After this, we decided to make our move towards Pearly Beach. We moved over The Clyde, spotting a few seals along the way, before cruising along the coast in search of some whales. At this time of year, every sighting is an absolute blessing and you’d think that by now we’d have to do a lot of travelling but, we found a pair of Southern Right Whales just as we made our way into Pearly Beach. The whales were a little shy at the beginning of the trip but, warmed up to us nicely and gave a great show towards the end. At first, we watched them pop up occasionally and do some travelling but, they soon settled and we got to watch them play around a bit. Mom started rolling onto her side whilst baby started checking up on us above the water by giving a spy hop or two.

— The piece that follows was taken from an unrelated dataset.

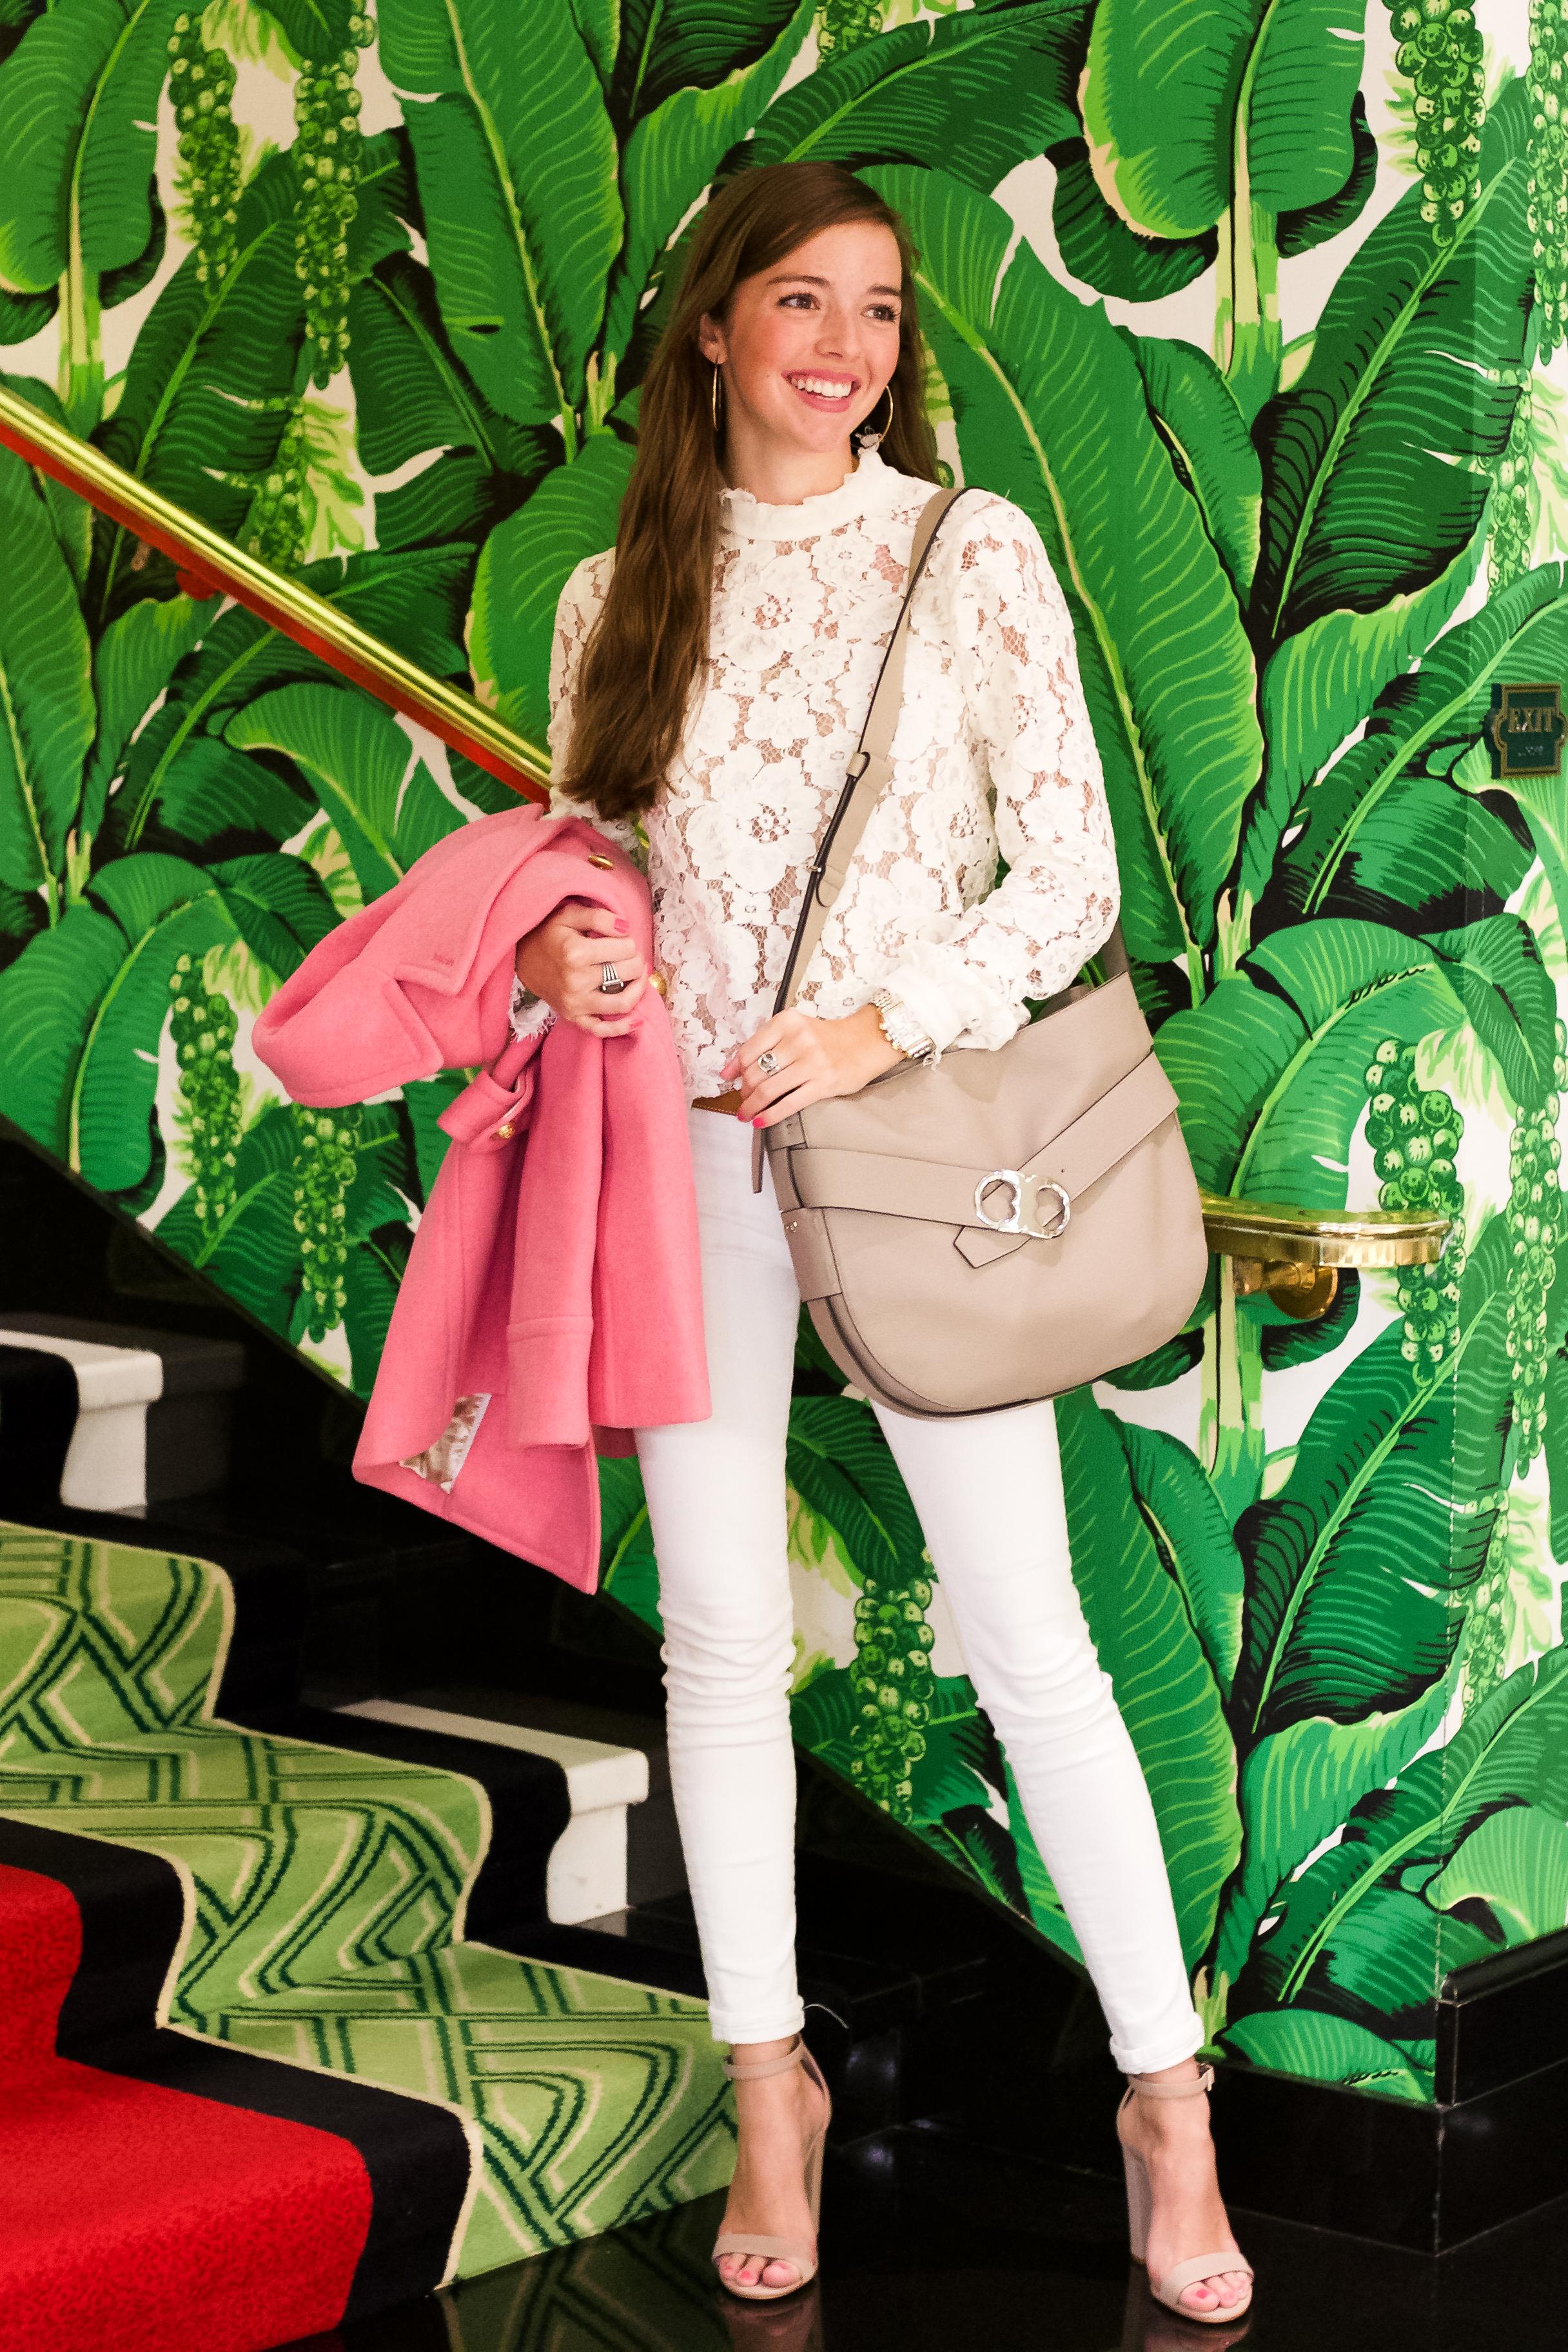 fashion blogger lcb style greenbrier tory burch j. crew (1 of 14).jpg
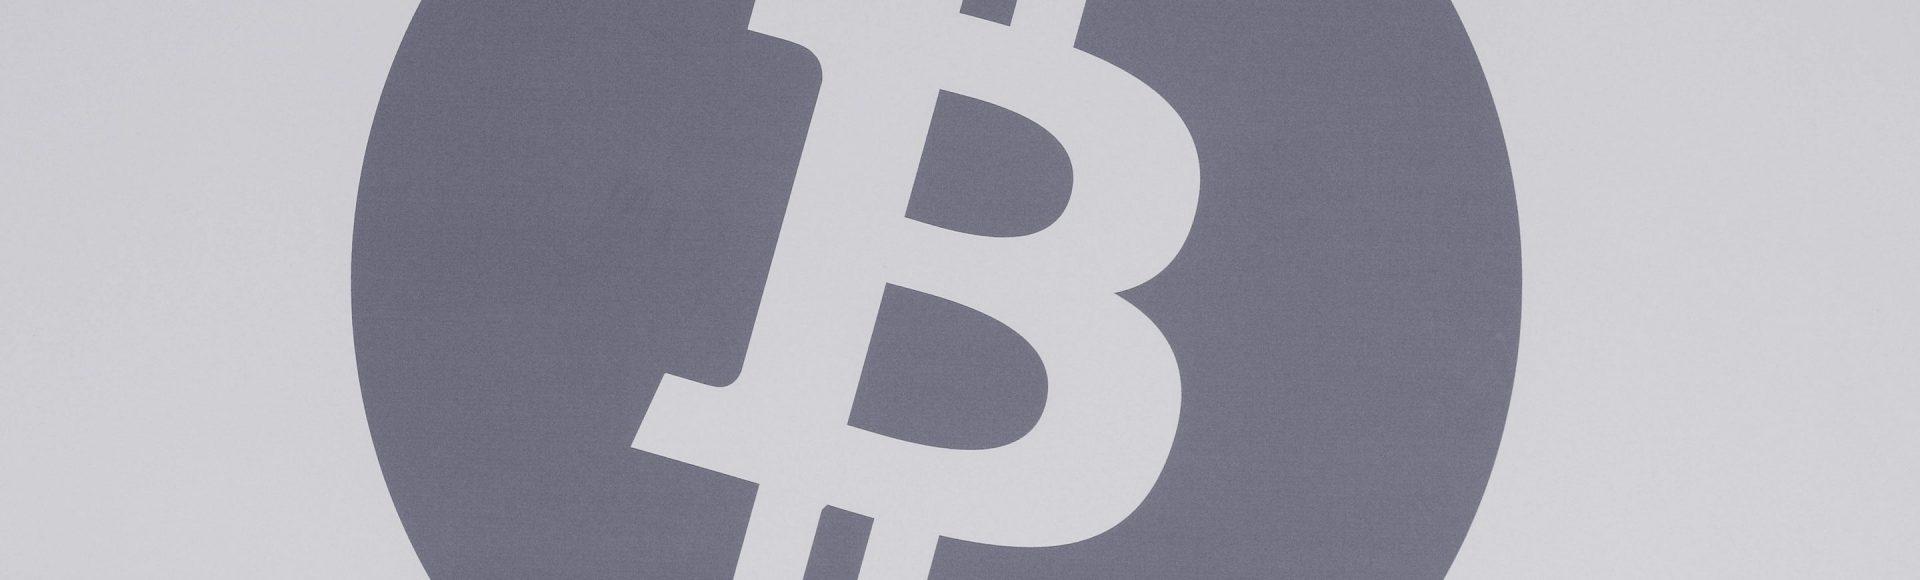 ARK-Invest_Blog-Banner_2015_09_24---Bitcoin-5_5

We moved over to the Cape Fur Seals next, where we had a very special surprise for all our clients. Two new-born seals were to be released on our trip today after they had somehow made their way to the mainland! These little pups only really start swimming in around February and cannot fend for themselves, so we decided to give them a second chance by dropping them off as close to Geyser Rock as what we can. Mother seals find their pups by scent and by sound, although it must be a little tough with around 10 000 babies being born at this time of year.
Our last stop the day was just in front of Dyer Island, with us heading back home after this for some soup and bread!